Problem to solve: From the records below, set down exactly the lines starting with the line that contains "Sextoys - Boules" and going on through the line that contains "Indianapolis, Indiana : 30". Nothing else is wanted.

BEGIN Source records

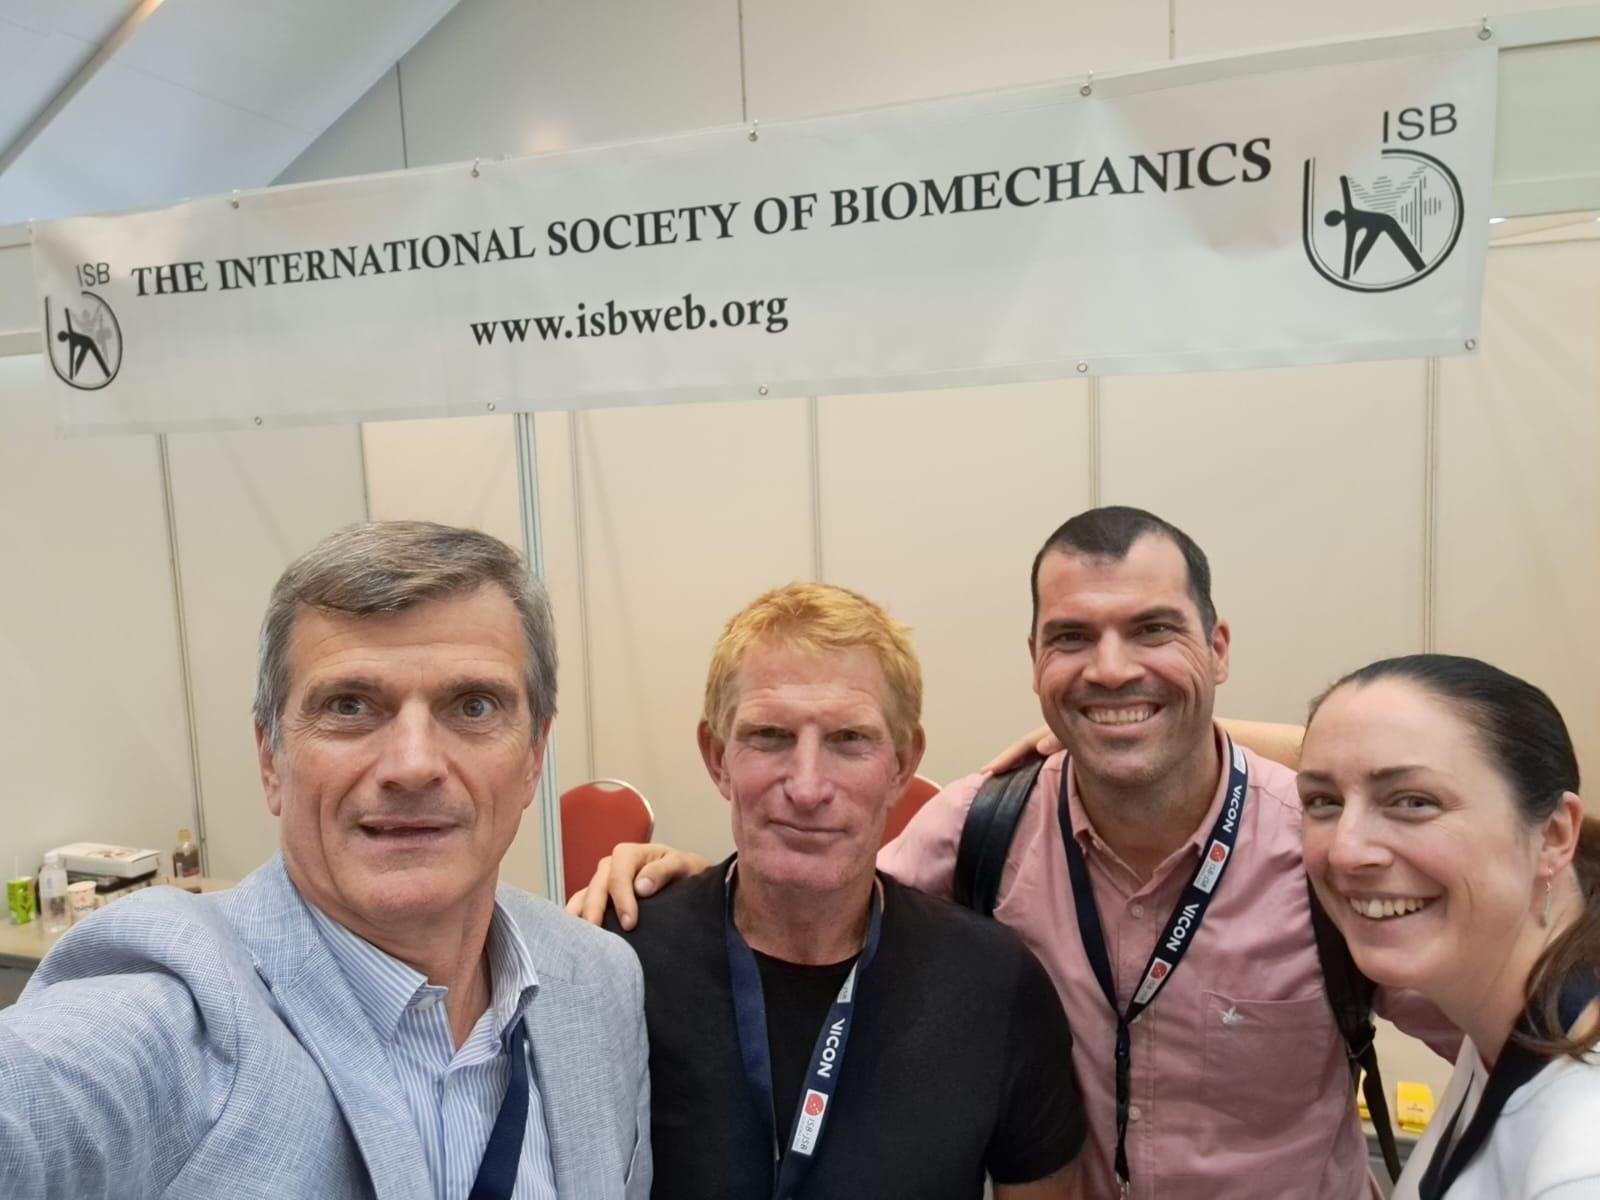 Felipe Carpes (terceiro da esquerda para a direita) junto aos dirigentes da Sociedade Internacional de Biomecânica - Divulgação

END Source records
BEGIN Source records

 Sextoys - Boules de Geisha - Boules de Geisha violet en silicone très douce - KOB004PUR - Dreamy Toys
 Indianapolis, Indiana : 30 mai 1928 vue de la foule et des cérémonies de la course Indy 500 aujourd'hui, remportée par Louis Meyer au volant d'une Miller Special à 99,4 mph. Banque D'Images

END Source records

Written answer:
 Sextoys - Boules de Geisha - Boules de Geisha violet en silicone très douce - KOB004PUR - Dreamy Toys
 Indianapolis, Indiana : 30 mai 1928 vue de la foule et des cérémonies de la course Indy 500 aujourd'hui, remportée par Louis Meyer au volant d'une Miller Special à 99,4 mph. Banque D'Images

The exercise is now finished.